**Task to carry out**
Leave out the pictures and repeat exactly the lines from the one containing "Kal Jacobs Classic" through the final line of the listing below.

**Data segment**
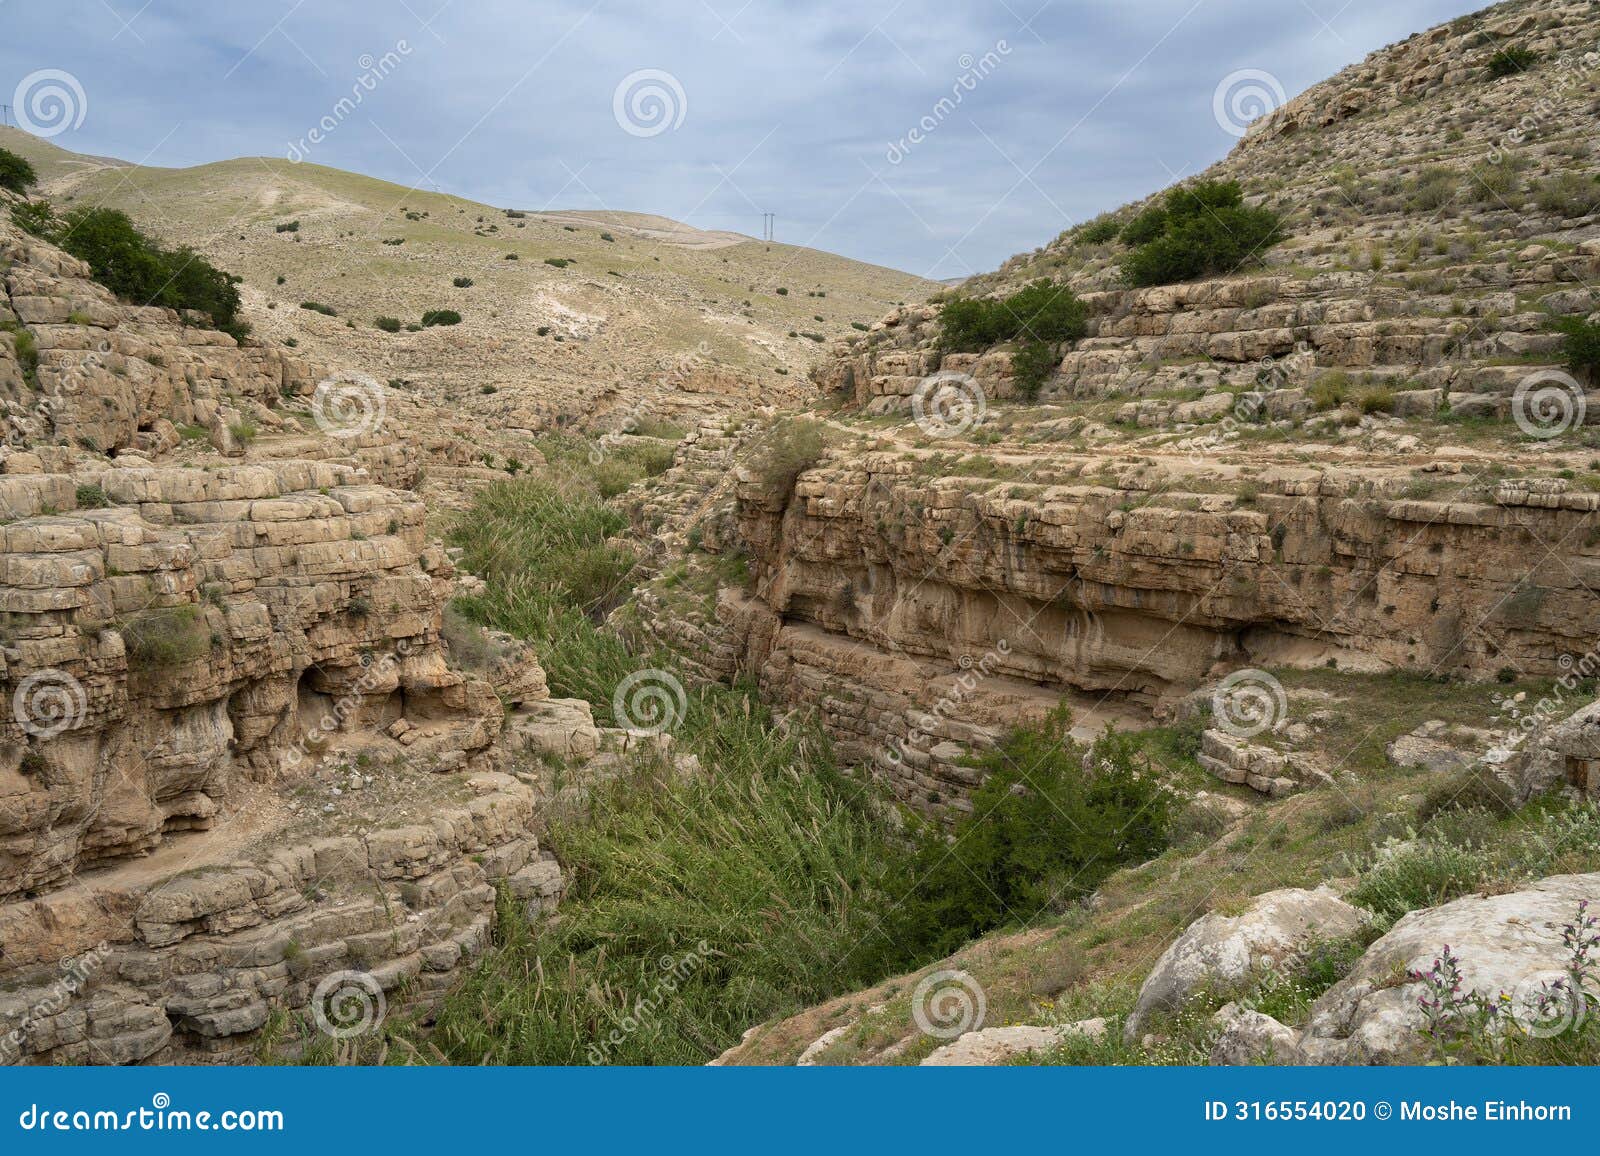 a landscape on the bank of the prat stream, israel
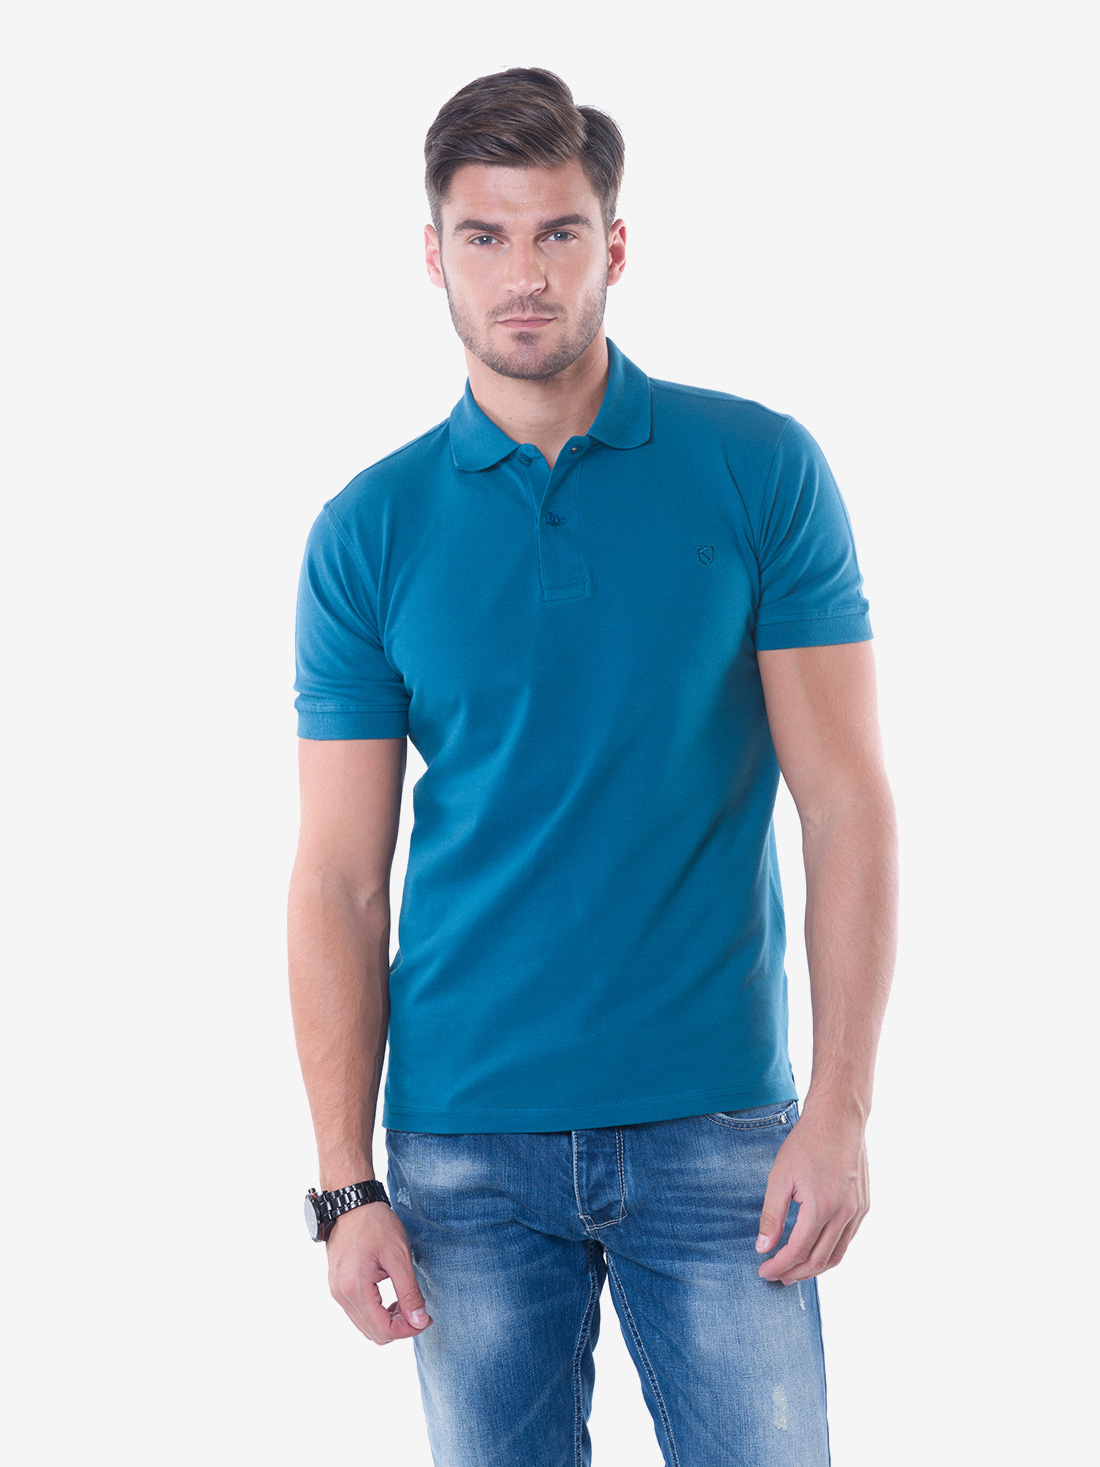 Kal Jacobs Classic Fit Turkish Teal Polo Shirt
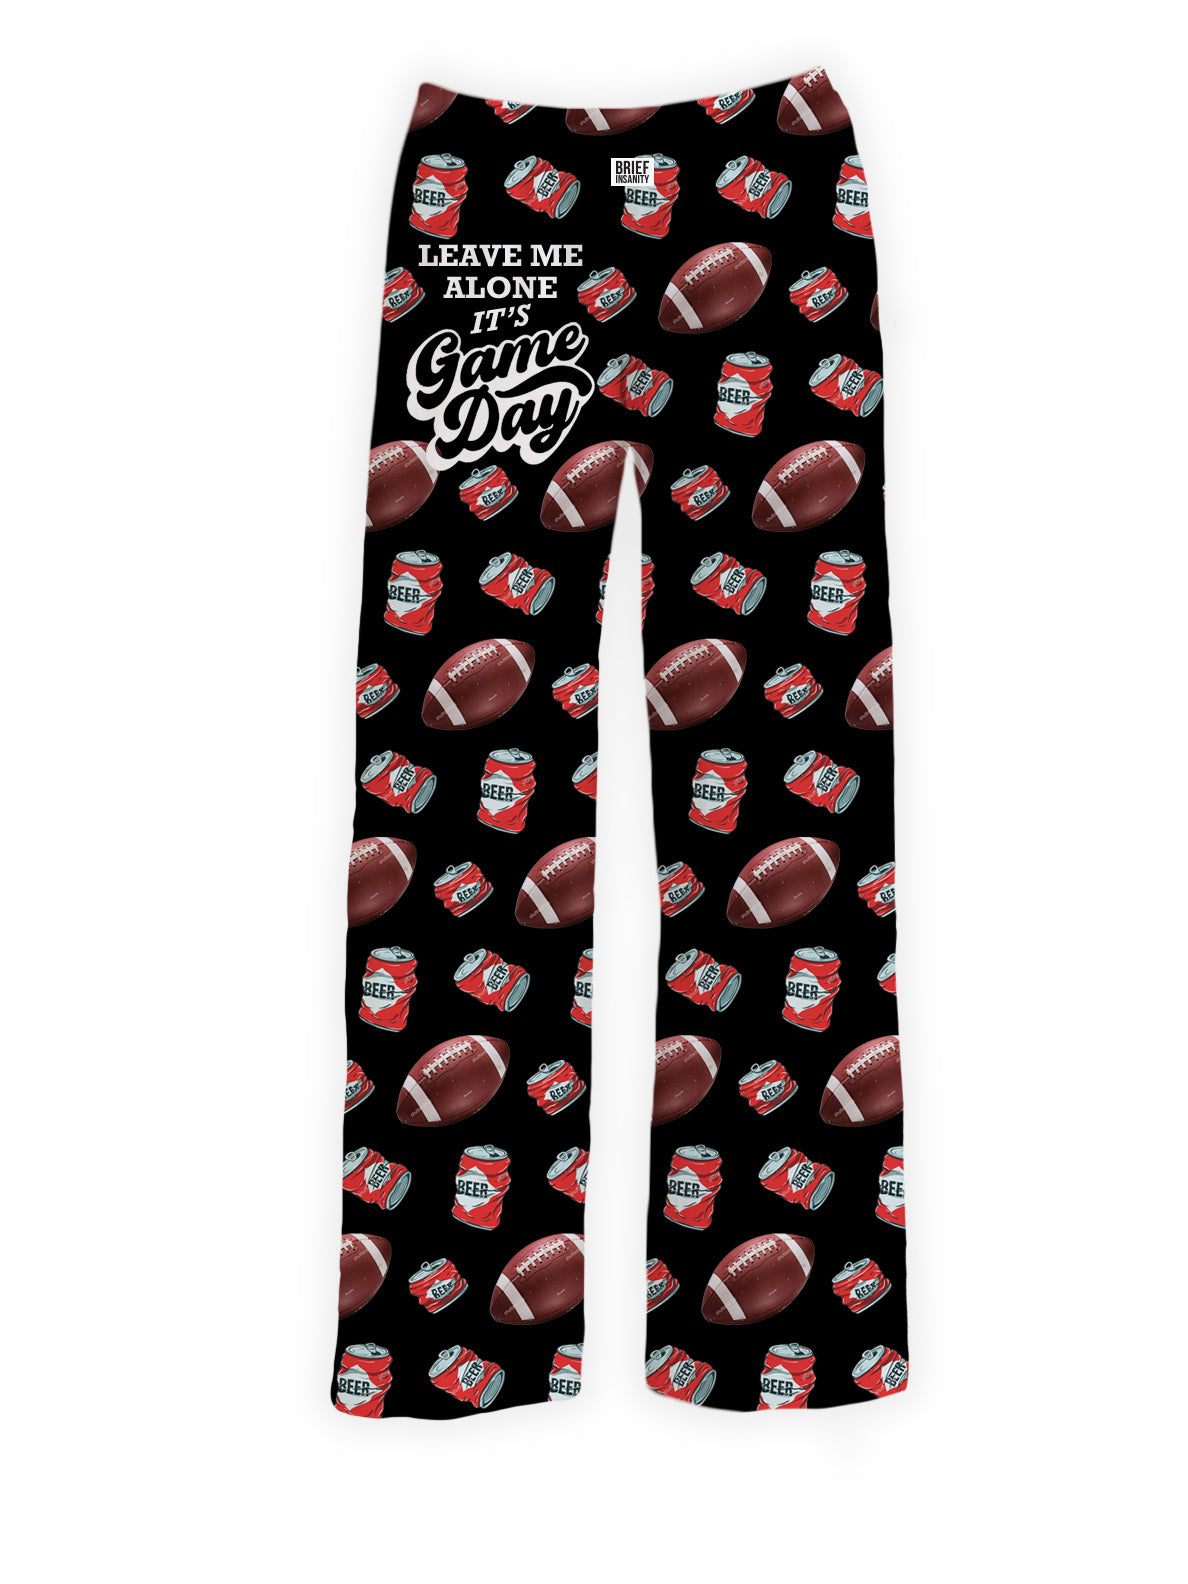 It's Game Day Lounge Pants
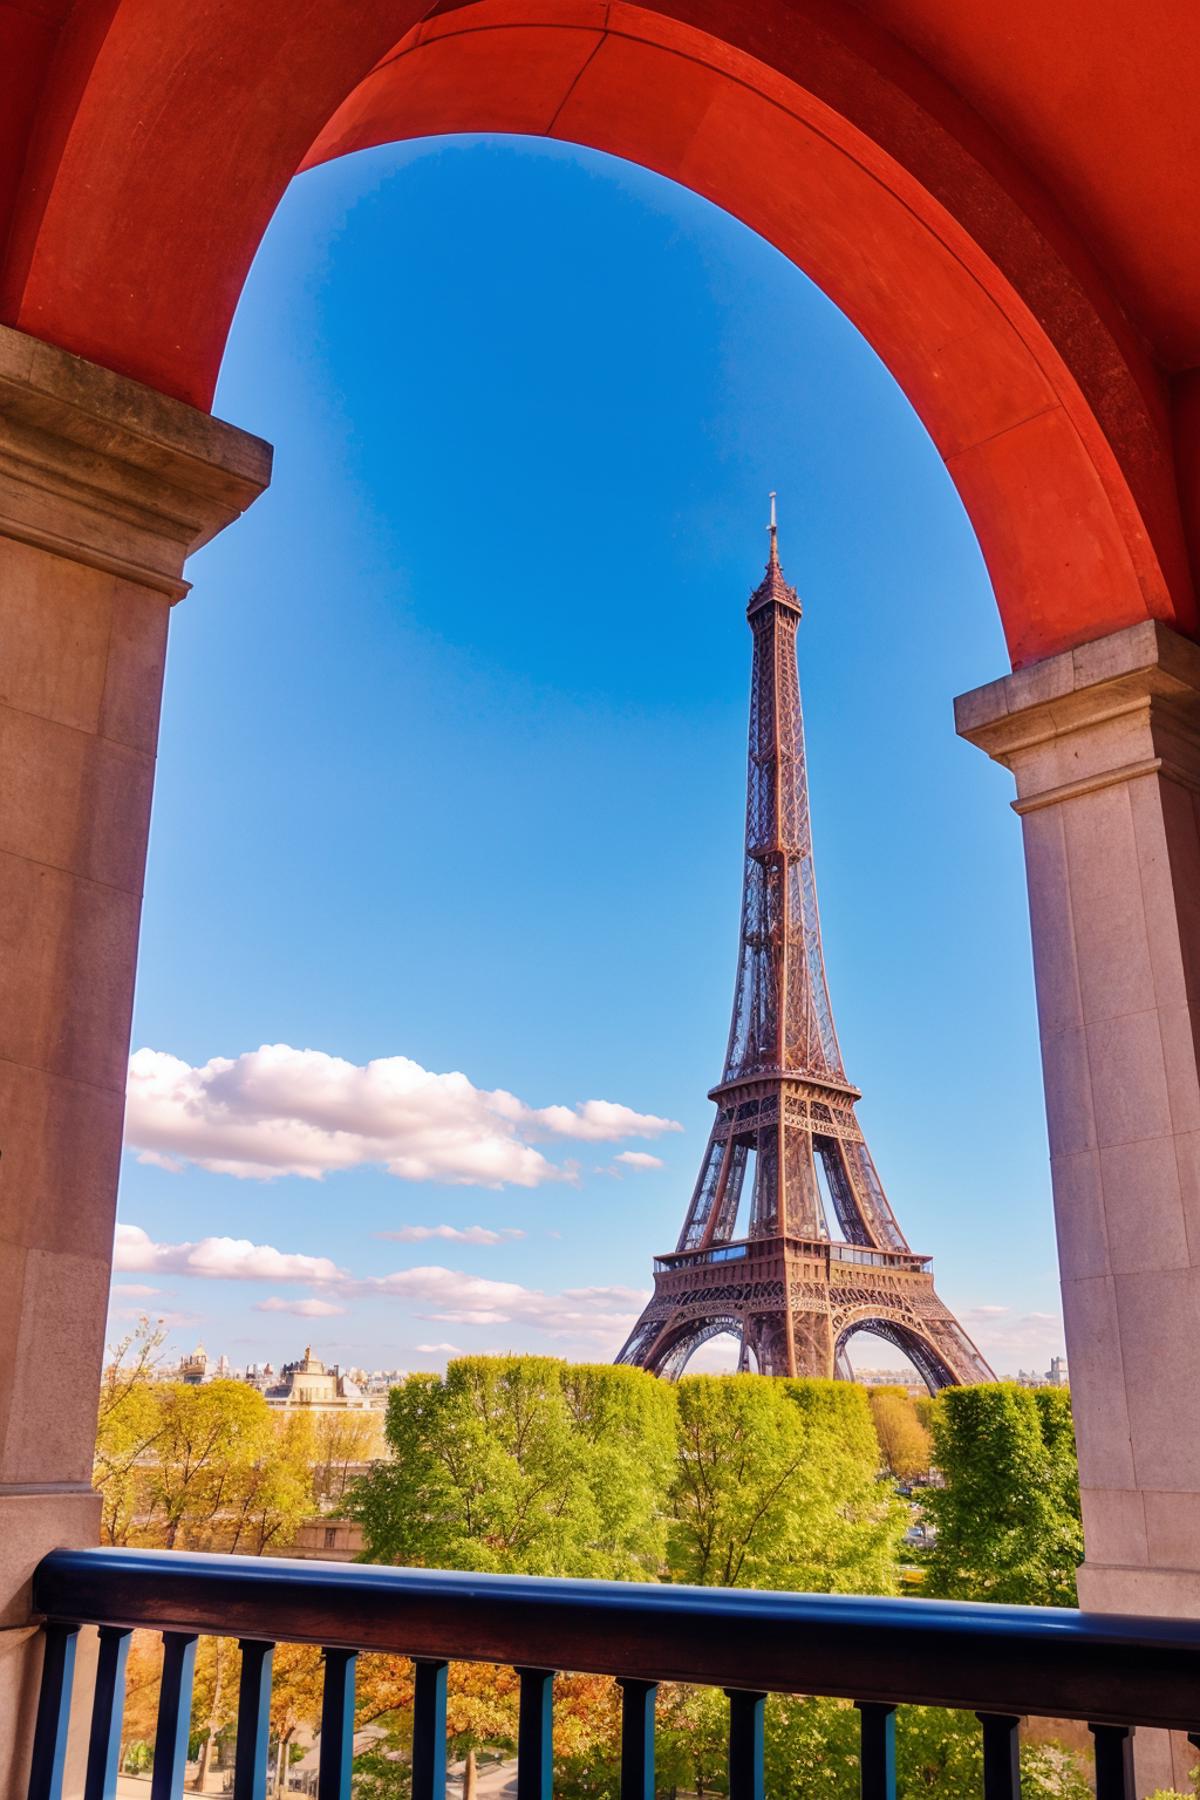 A view of the Eiffel Tower from an archway with blue sky in the background.

**Solution to the problem**
 Kal Jacobs Classic Fit Turkish Teal Polo Shirt
 It's Game Day Lounge Pants
 A view of the Eiffel Tower from an archway with blue sky in the background.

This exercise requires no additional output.